The triplestore is designed such that obtaining a snapshot is a very quick operation and does not cause any I/O to be performed. It should take less than a millisecond on current hardware, regardless of the size of the database.

The session must hold a global lock only during this brief period while it obtains the snapshot. Once the snapshot is obtained, no further locking is required regardless of the number of triplestore operations that must be performed or the amount of time required to execute the query.

The existence of a snapshot does not by itself cause any additional storage to be consumed but it will cause any modifications to use copy-on-write semantics. The on-disk data structures of the triplestore are designed to minimize the amount of copying required to perform a modification thus improving performance while also maximizing the amount of storage shared between snapshots.

A snapshot is released once the query processing is complete.
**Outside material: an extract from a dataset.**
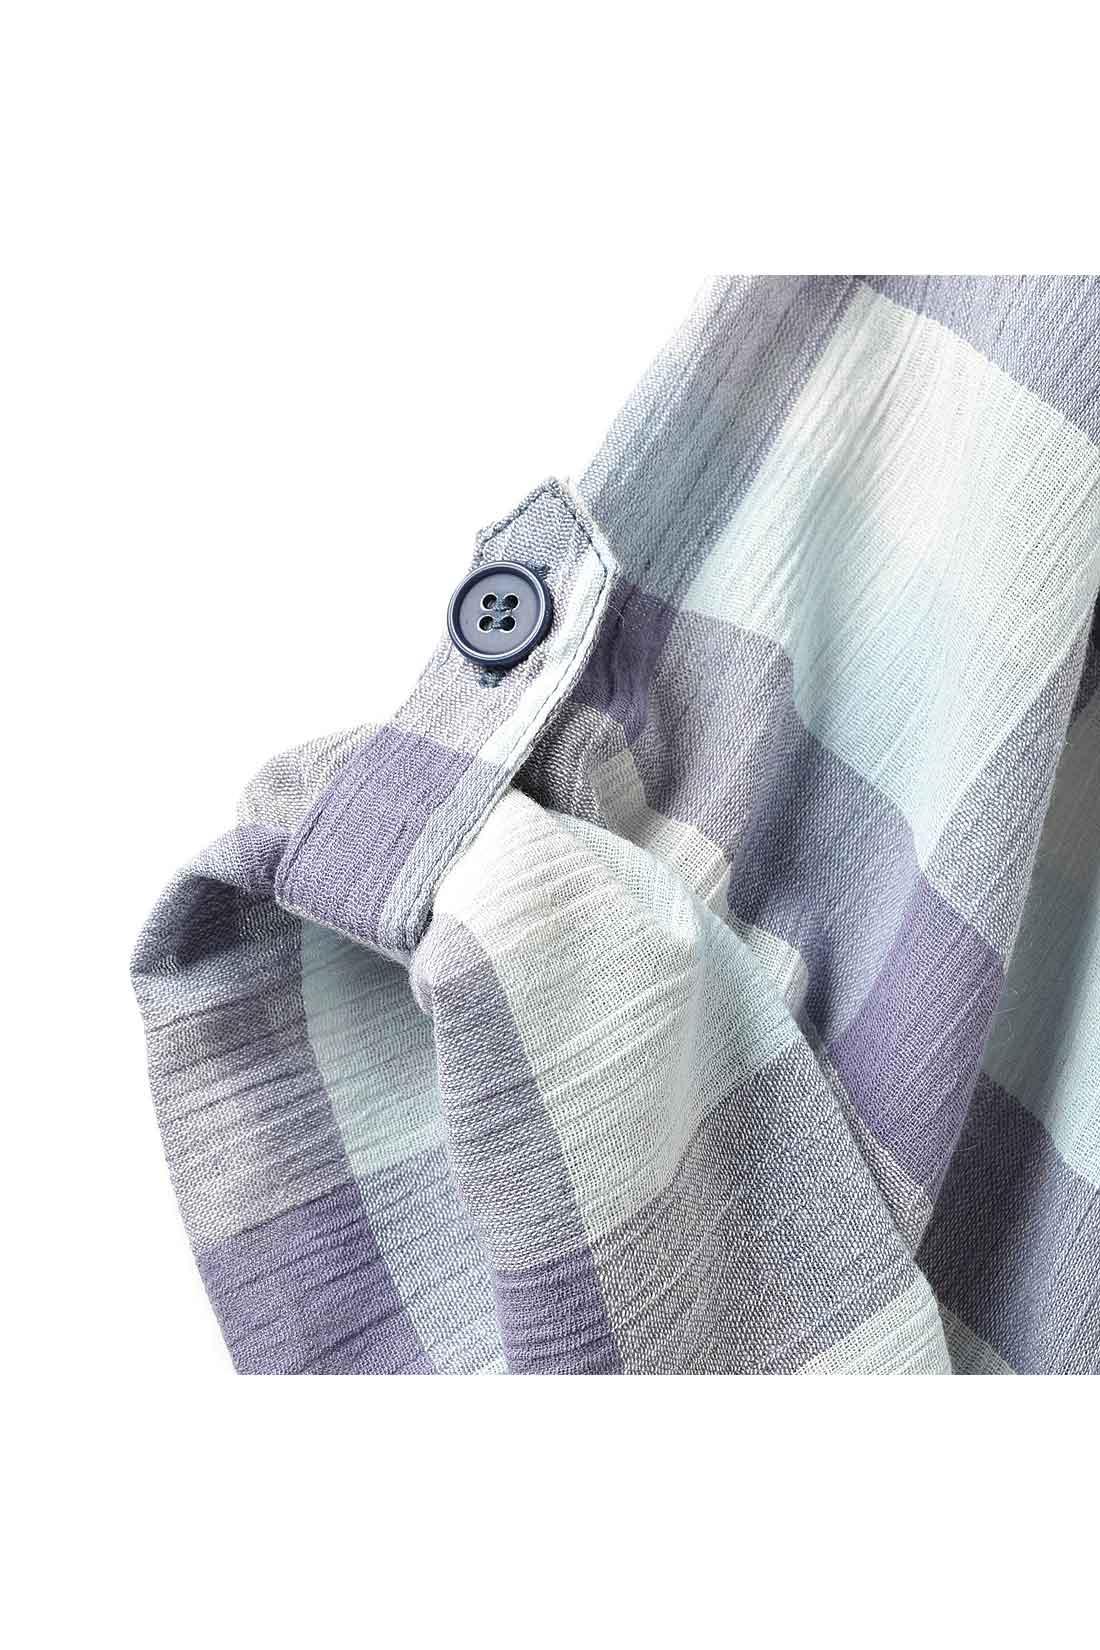 トップスの袖とボトムスのすそはロールアップできる2-WAYデザイン。

Any disk storage used by the snapshot and not shared with any other snapshot is immediately available for reuse. Releasing a snapshot is just as quick as obtaining a snapshot but the session does not even need to hold the global lock during this operation.

A separate global lock (the write lock) is used to ensure that there is only one writing session at any given time. The write lock is released after the writer either commits or rolls back the current transaction.

On-Line Backups

The XA Triplestore allows modifications and queries to proceed concurrently with a backup operation. The session performing the backup acquires a snapshot of the entire database as it would if it was performing a query.

Permanent Integrity

System crashes caused by power failures and some types of hardware fault will not cause data corruption.
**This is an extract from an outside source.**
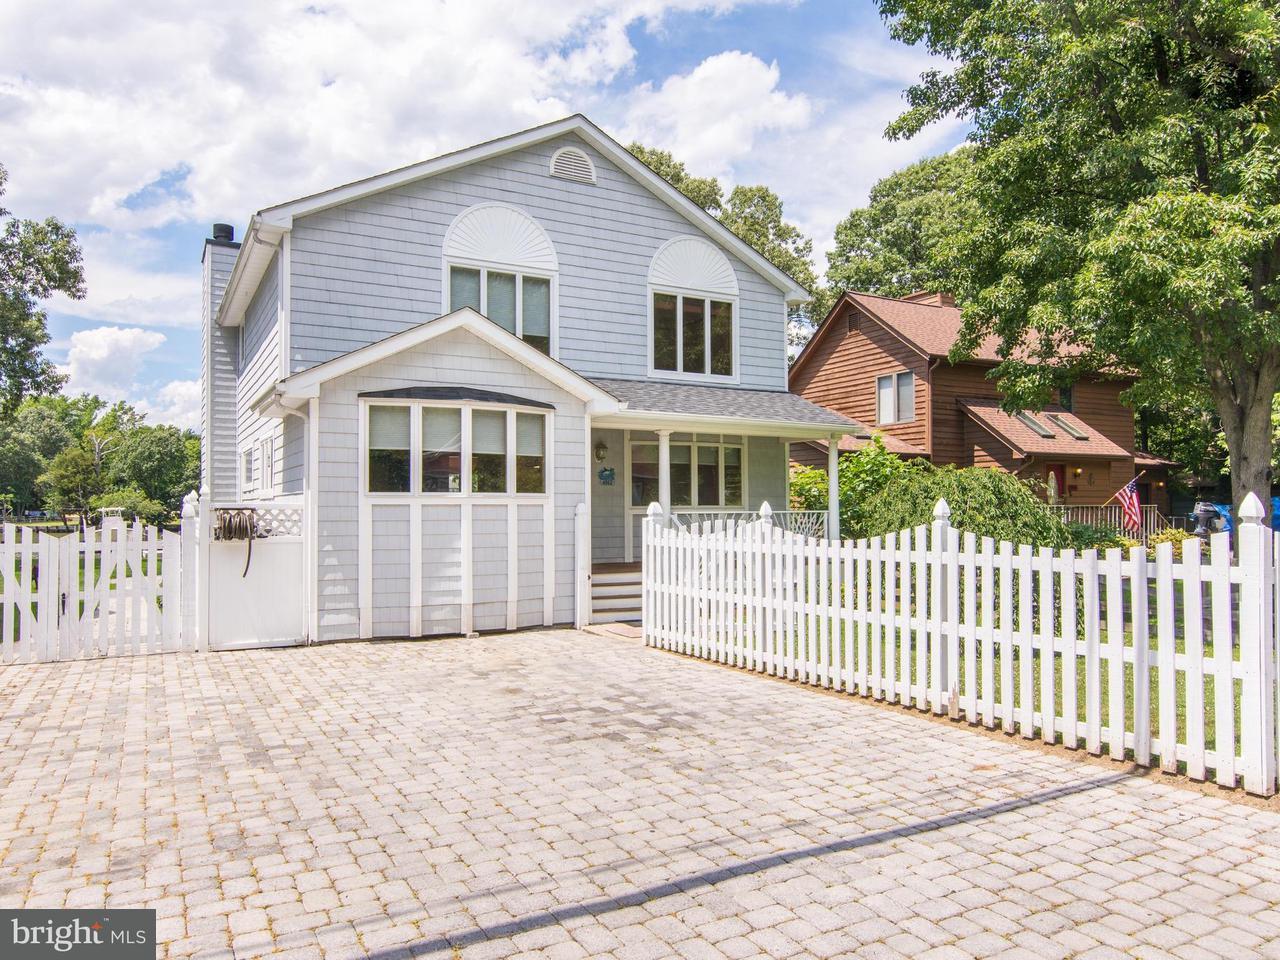 Einfamilienhaus für Verkauf beim 4962 LERCH Drive 4962 LERCH Drive Shady Side, Maryland 20764 Vereinigte Staaten

The on-disk data structures of the triplestore are designed to be kept in a consistent state at all times while minimizing the overhead required to achieve this. Disk writes during a write transaction are unordered thus preserving good write performance. Write ordering is imposed only during a commit operation.

Use of Java NIO

The XA Triplestore uses the Java (TM) NIO (new I/O) API which was introduced in Java 2 SDK Version 1.4. The NIO API provides access to advanced I/O facilities which were previously only available to native C programs. The use of NIO allows the XA Triplestore to provide transactions, permanent integrity and good performance while still remaining a pure Java implementation.
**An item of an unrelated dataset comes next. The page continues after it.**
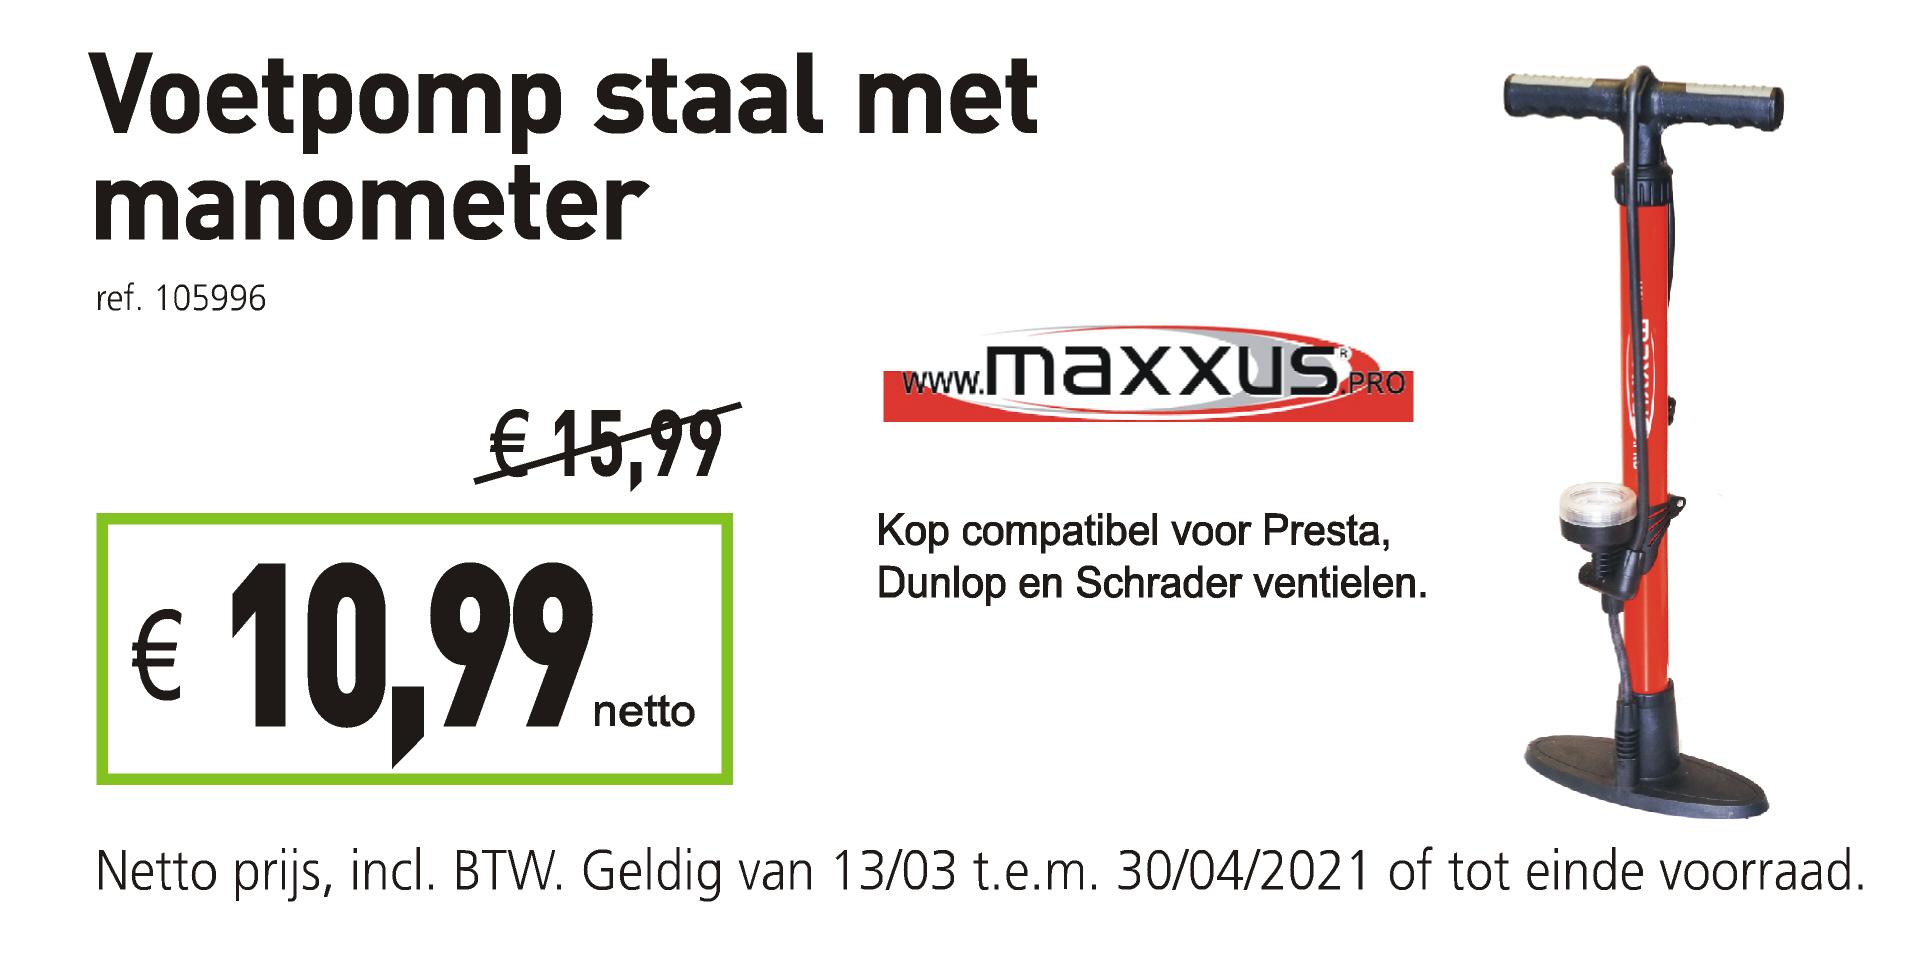 Maxxus voetpomp staal met manometer

Some of the features of NIO that are used by the triplestore include:

  • Positioned reads and writes
    NIO file channels allow multiple threads to concurrently read and write different parts of the same file without having to use thread synchronization to protect the current file position.
  • Forcing out dirty buffers to physical storage
    The NIO force operation can be used to ensure that all written data has been forced out to physical storage and can also be used to impose write ordering. This is an essential feature for providing permanent integrity and implementing transaction support.
  • Memory mapped file I/O
    The NIO API can be used to map files into virtual memory. Once a file has been mapped its content is accessed through a NIO ByteBuffer as if it had been loaded into memory. This form of I/O can be much more efficient than I/O that uses explicit read and write calls because it uses the virtual memory paging hardware to eliminate some system call overhead and the overhead of copying data between the operating system buffer cache and the application's buffers.

    On 32-bit platforms the amount of virtual memory that is available for mapping files is usually limited to less than 2 GB. As this would impose a restriction on the maximum size of database that can be used by Mulgara on 32-bit platforms, the XA Triplestore has an I/O abstraction layer that allows the file I/O mechanism for accessing a file to be selected when the file is opened.

    Mulgara can be started in one of three modes: all files mapped, index files mapped and no files mapped. Each of these modes allow Mulgara to use successively larger databases. By trading off database size for performance in this way it is possible to use databases of any size on 32-bit platforms while still retaining maximum performance for smaller databases.